JPS6124370A - Area gradation recording method - Google Patents

Abstract

PURPOSE:To increase the number of gradation levels without decreasing the resolution by shifting a thermal head by nearly 1/2 of horizontal elements of a matrix to form a coloring section. CONSTITUTION:In applying gradation recording to picture elements of 4X4 matrix constitution with a 4 column X 4 row serial thermal head, the heat resistive element of the 1st row and the 1st column is energized to obtain a density pattern of the gradation level 1 as shown in figure (a). After the forming of the pattern, the thermal head is moved horizontally by 1/2 pitch and the heat resistive element of the 1st row and the 1st column is energized to obtain the density pattern of the gradation level 2 as shown in figure (b). In obtaining a level larger than the gradation level 2 by a minimum level width, the gradation level 3 as shown in figure (c) is obtained by energizing each heat resistive element of the 1st row and 1st column and the 3rd row and 3rd column. Thus, the area of the ink dot in the density pattern shown in figure (b) is 1.5S, where S is the area of one dot, and a middle value between 1S in the figure (a) and 2S in figure (c) is obtained.

Description

[Detailed Description of the Invention] [Technical Field of the Invention] The present invention relates to an area gradation recording method that can improve image quality by increasing the number of gradation levels without reducing resolution. Ru.

[Technical background of the invention and its problems] In recent years, the information-related industry has made remarkable progress, and along with this, there has been a need for blinkers for recording characters, figures, etc. on recording paper. As the printer in this case, a thermofusion type thermal recording type printer is widely used.

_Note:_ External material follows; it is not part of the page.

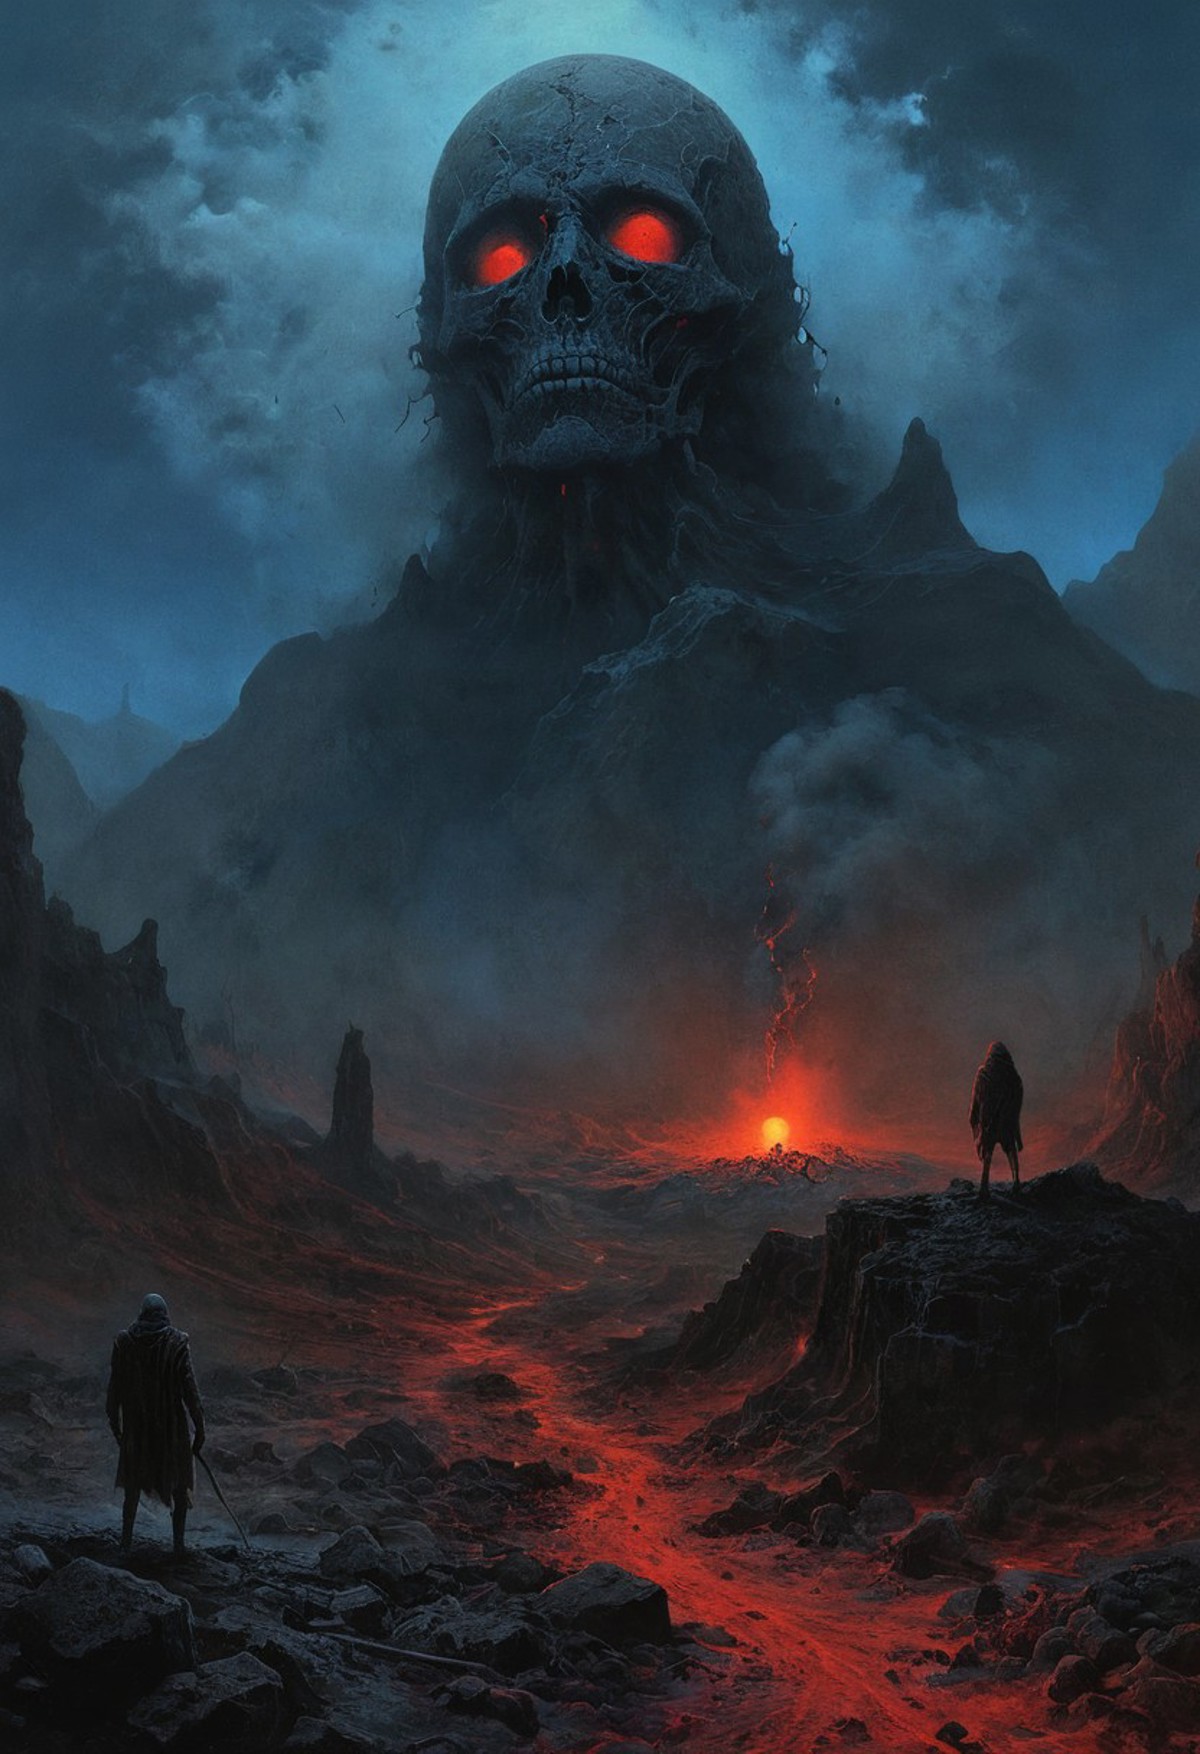 A dark, atmospheric landscape with a large skull with glowing eyes looming over jagged mountains and molten lava flows. Three figures stand in the foreground, looking up at the towering presence. 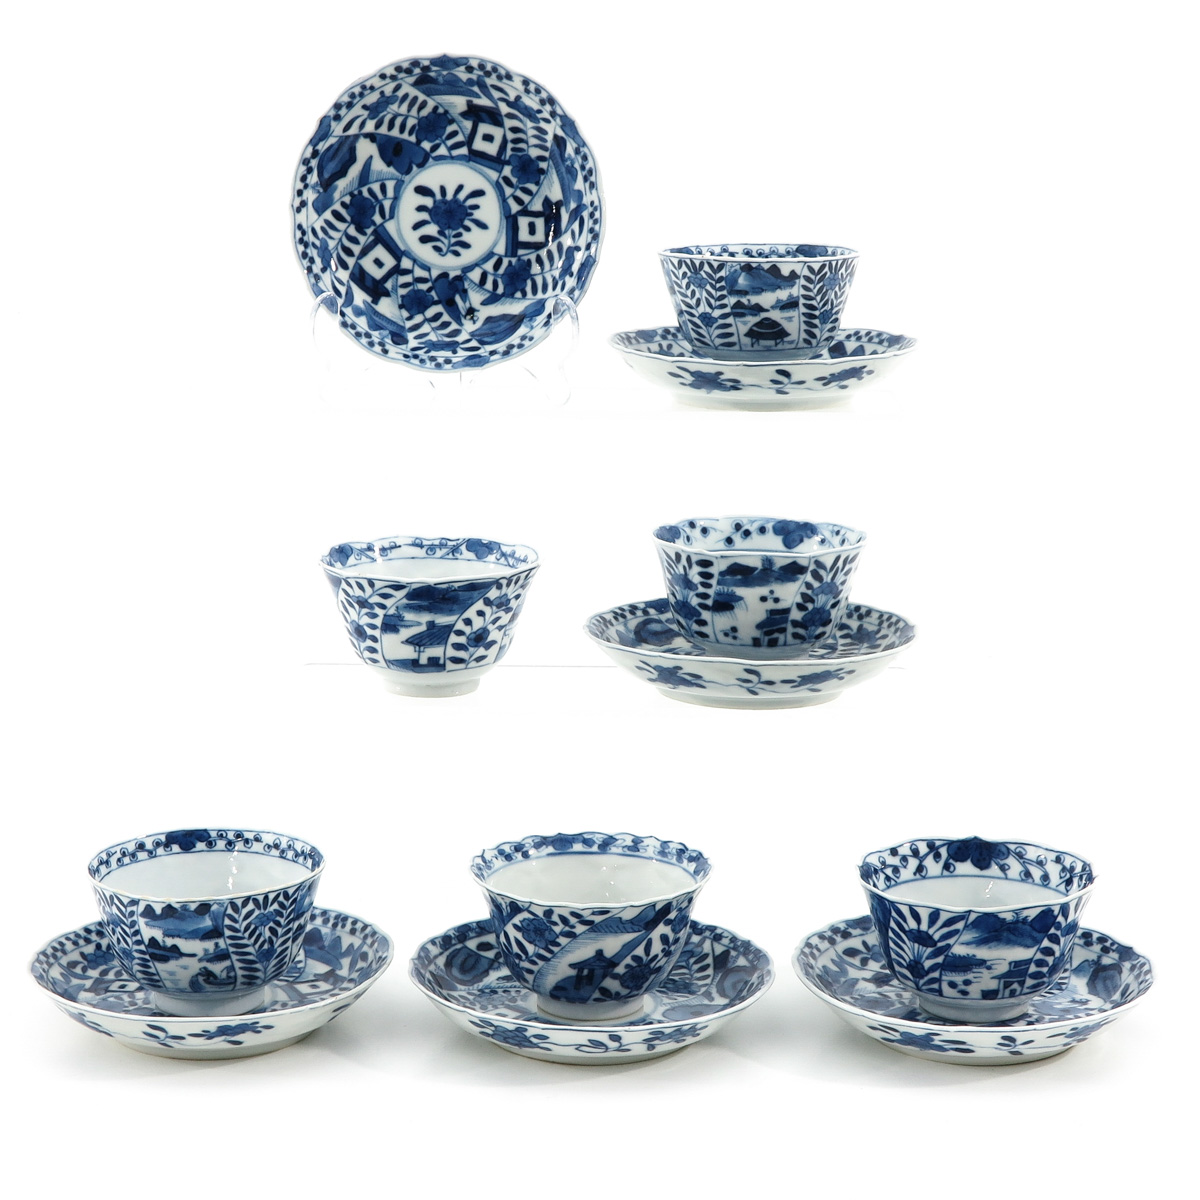 A Set of 6 Cups and Saucers

The heat-melting type thermal recording method described above overlaps recording paper with ink sheet 1-, which is made by applying heat-melting solid ink on the surface of paper or non-nos book film, etc., and presses it using a thermal head. The solid inks of ink sheets 1 to 10 are melted by heating and transferred to recording paper. This recording method is a non-inbound one-way system, so it does not generate noise, has a fast recording speed, and has the advantages of
It is possible to obtain high resolution horns, there is no need to worry about problems caused by clogging of the recording head as with the inkjet recording type 1 type, and there is almost no need for maintenance. Because it can be used, it has good light fastness and storage stability, and it is easy to record in color by using a color ink sheet with three colors of yellow, magenta, and cyan, and by overcoating each color. It has many advantages as a printer, including the ability to However, on the other hand, there is a drawback that the recording density cannot be controlled by changing the amount of heat generated by changing the power applied to the thermal head and by changing the amount of ink transferred to the recording paper. (For example, it is not possible to reduce the amount of ink transferred by half and record at half the recording density of the recording density at the time of transfer.) In other words, thermal melting RR thermal transfer recording 1/j The formula can only perform either no ink transfer or ink ω transfer2 (
It is an ICi recording type. Therefore, it is not possible to record halftone image quality with great shading as it is.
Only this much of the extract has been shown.